Living in the age of Big Data, everything seems possible. With all the data we have and generate at our fingertips, we should almost be able to create our own destiny. But as we use more and more data presenting results in a meaningful way is not always easy. Moreover it is a big challenge to present results from hundreds of variables in a way that is understandable for the human brain and at the same time meaningful, correct and complete. It is one of the reasons that business intelligence dashboards or enterprise dashboards are very popular with management. A dashboard is a visualization tool that shows the current status of an organization’s predefined key performance indicators (KPI) in a limited number of screens. It is in fact a one page real time updated management report and an ideal instrument for management to improve its operational efficiency by turning the relevant knobs. It is also sometimes used to show press, share- and stakeholders where a company is in terms of performance; a picture tells a thousand words.

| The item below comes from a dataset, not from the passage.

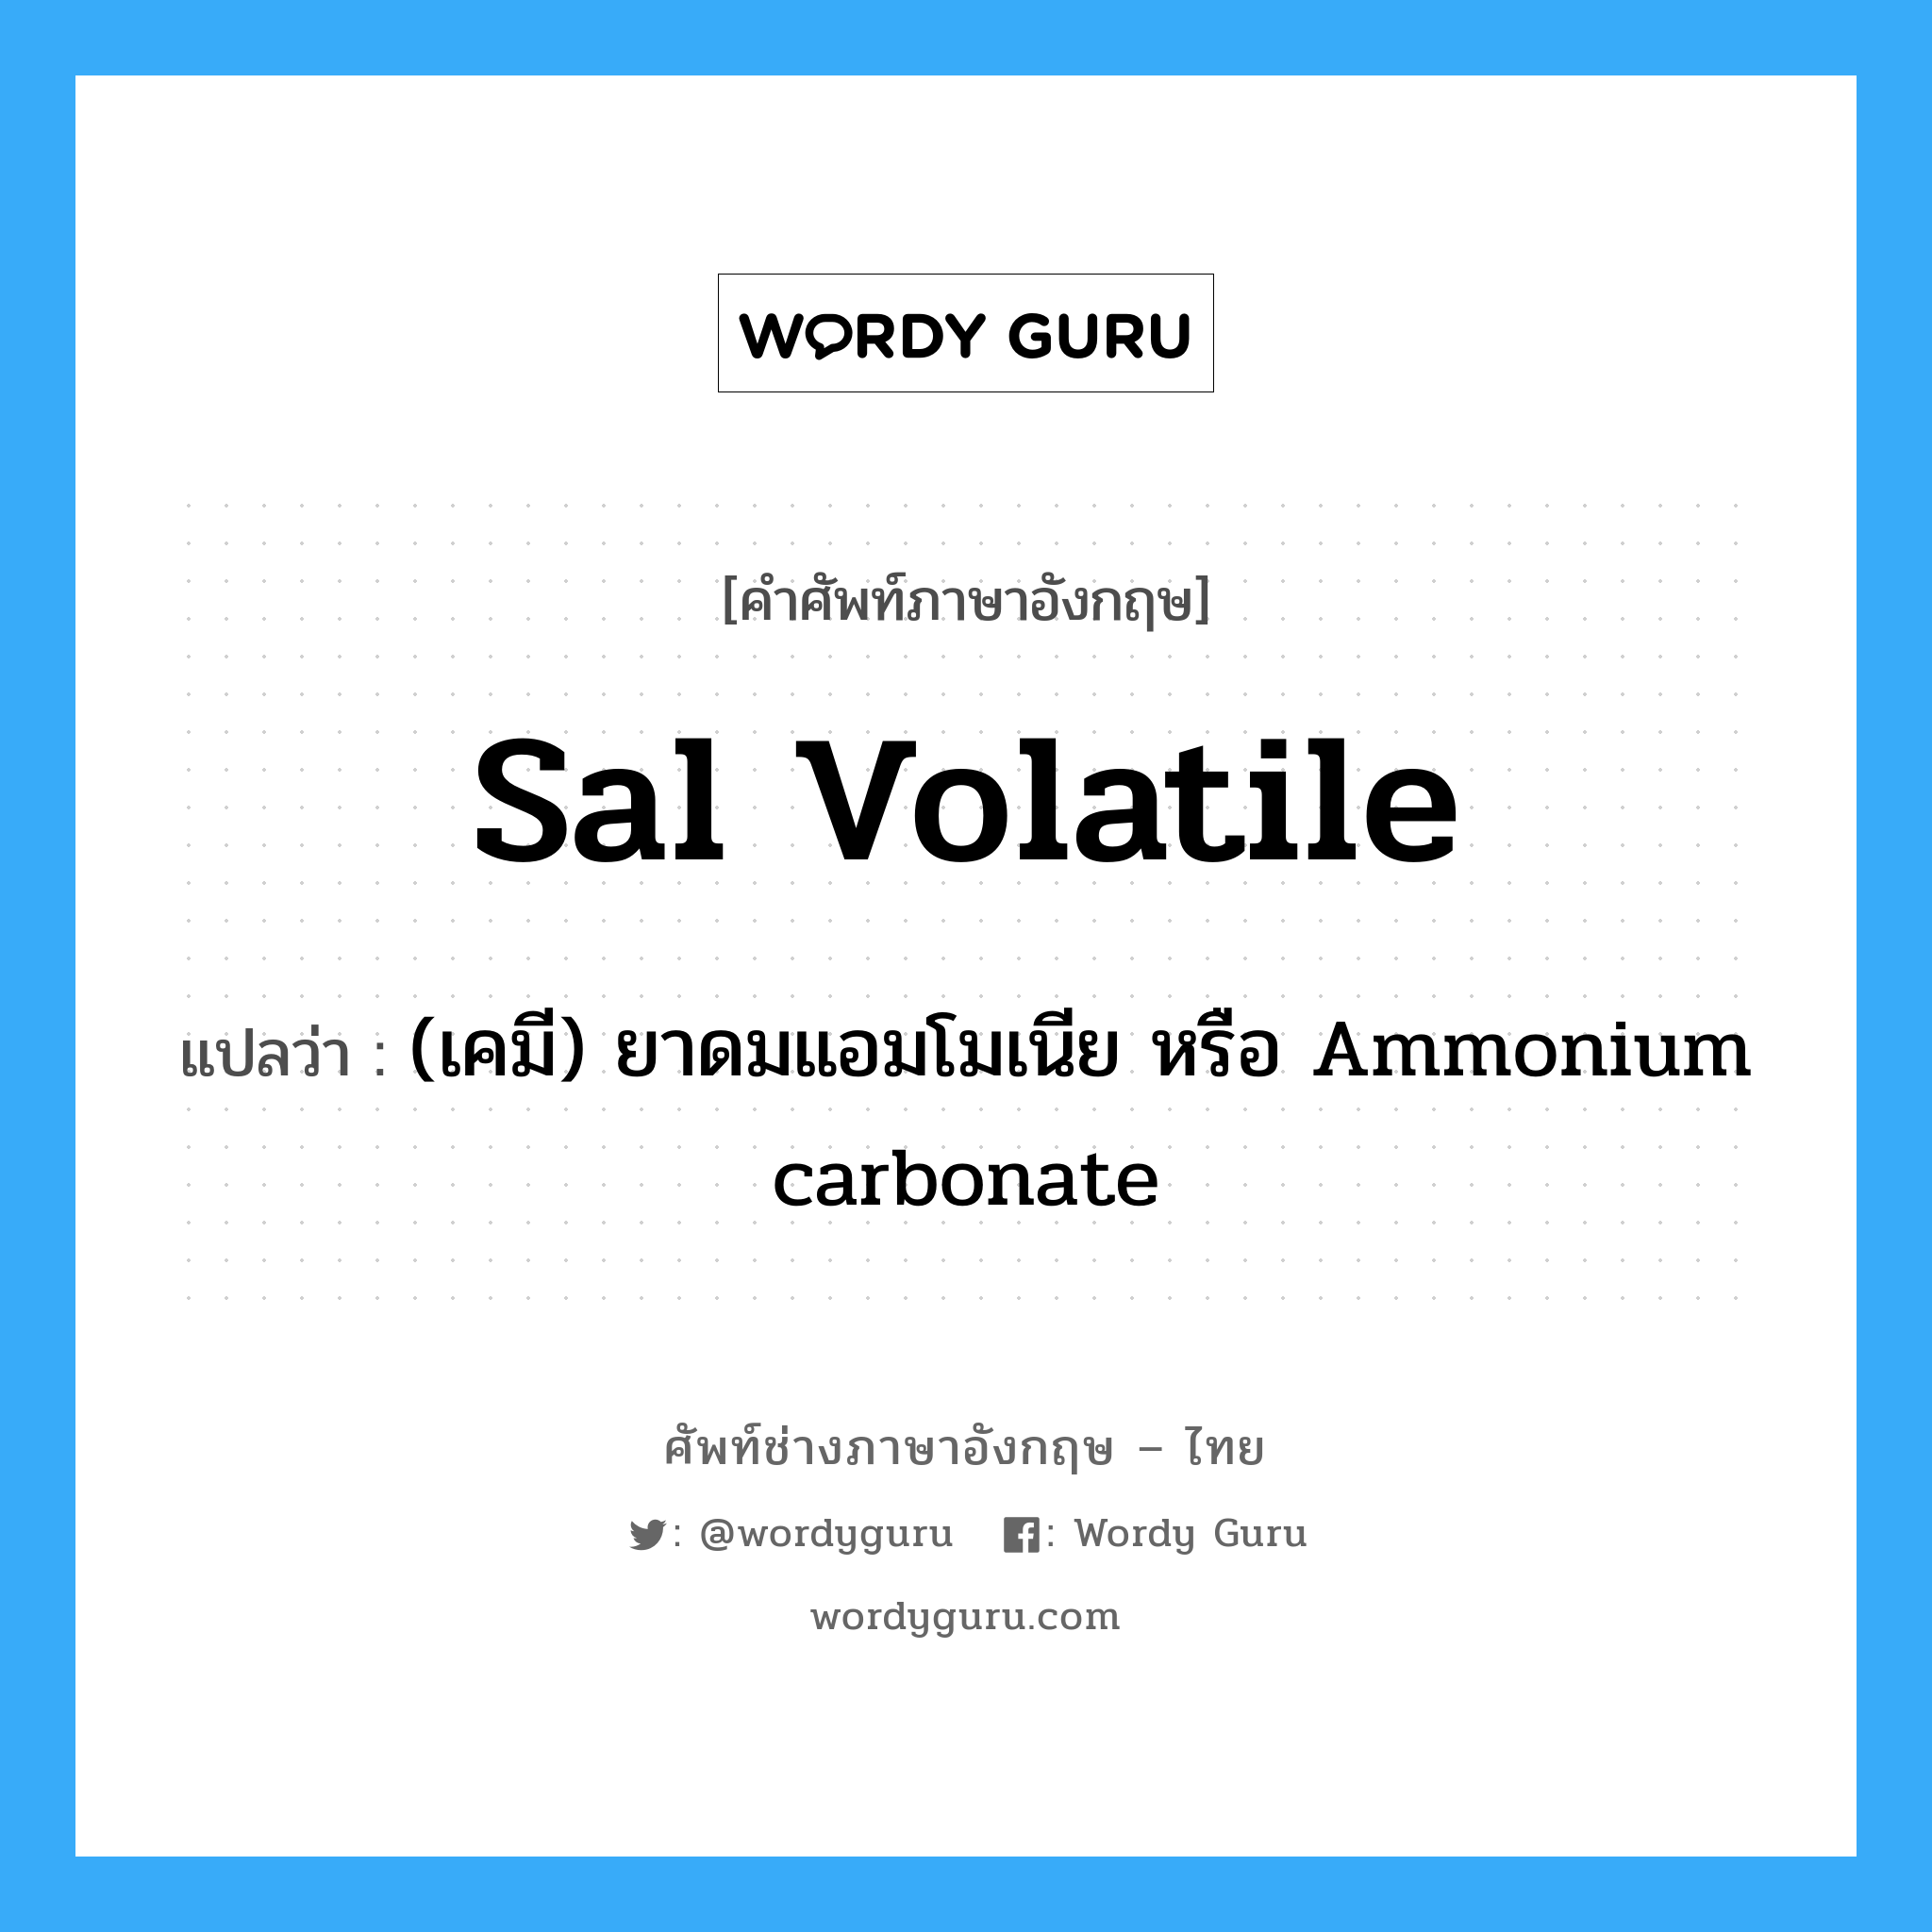 sal volatile แปลว่า?, คำศัพท์ช่างภาษาอังกฤษ - ไทย sal volatile คำศัพท์ภาษาอังกฤษ sal volatile แปลว่า (เคมี) ยาดมแอมโมเนีย หรือ Ammonium carbonate

It is what the Dutch government must have had in mind when they were increasingly faced with ICT project disasters (i.e. GPS, SPEER, C2000, INDiGO, EPD, PSO, TAX-i, P-Direkt) and public outcry over wasted taxpayers’ money. Bad press and public pressure to do something about it sparked the development of a government ICT project dashboard (Rijks ICT-dashboard) in 2011. It was not intended to directly prevent ICT disasters but rather as a way to create more transparency towards how and where the taxpayer’s money was spent. In the dashboard the current status of ICT projects can be checked. It shows project description, purpose, budget and scheduling, reasons as to why it is over/under budget, early or late plus the current status of the project (delivered, abandoned, in progress, not started yet). Colors in the accelerometer graph indicate whether a project needs attention (yellow) action (red) or can be considered as normal (green). The initiative should be praised as an attempt to provide transparency into government IT projects. In fact the tool works pretty well albeit it a bit slow. It shows some interesting details:
- All projects are marked green (normal) in terms of overall performance (on budget and timeliness)
- Only 8 out of a total of 65 projects require ‘attention’ with regard to budget
- No actions required as to budget issues
- 7 projects required attention with regard to timeliness
- 1 project that required action with regard to timeliness took 5 years to complete; two more than the planned 3 years
- 1 project was abandoned
The dashboard shows that the government thinks they are doing pretty good when it comes to delivering ICT projects on time and within budget. That is one way to look at it.
Two examples:
SPEER (Strategic Process and Enterprise Resource Planning Enabled Re-engeneering) is a project from the Ministry of Defense that aims to improve financial and logistical processes. The first plans date back to 2000. The project was initiated in 2002 and estimated to be completed in 7 years. The latest estimated time of delivery is now 2014. The initial budget was €185 million while the latest budget shows €276 million. It shows 5 year overtime and €90 million over budget and counting.
GPS (Geïntegreerd Proces Systeem) is a project from the Ministry of Justice and aims to replace the state prosecution paper file system. The project was started in 2001 with an initial budget of €50 million and an estimated time of delivery of 4 years. Due date was 2004. It finally cost €133 million and was delivered officially February 2nd 2011. After delivery of the project it was silently dropped at the end of 2011. It apparently failed as it was hardly used by the people who it was intended for.
Both projects are indicated on the dashboard as normal projects (everything in the green) while budget and timeliness were nowhere near to what was initially planned for. The government trick is to do a project rescoping when a project threatens to push across the boundaries of time and budget; this eventually leads to more budget and more time and a normal ‘green’ situation. The reality is way different in the case of SPEER and GPS.
It is great example of how an attractive presentation tool leads to confusion and misleading results. Dashboards are strong visualization tools but even simple ones, showing only two KPI’s (budget and time) can apparently hide more than they show. In the case of the government ICT dashboard it looks like a well meant but missed opportunity; unless it was intentional of course.
For companies, dashboards are of significant help for pinpointing aspects of the organization that need attention, action, monitoring or anything else. They can however not afford to have dashboards misrepresenting reality as they would soon be out of business. As management increasingly relies on correct, complete and up-to-date data, dashboards are becoming even more important. With the integration of scorecard methods that show progress over time towards specific business goals these real-time dashboards could become standard equipment for enterprise management. Key to a successful dashboard is therefore to have it serve a true business goal (strategic and/or operational) translated into meaningful KPI’s that are generated by reliable, correct, timely and complete data and handled by sound analysis. Leaving out any one of the above will most surely lead to failed dashboard applications and could harm the business.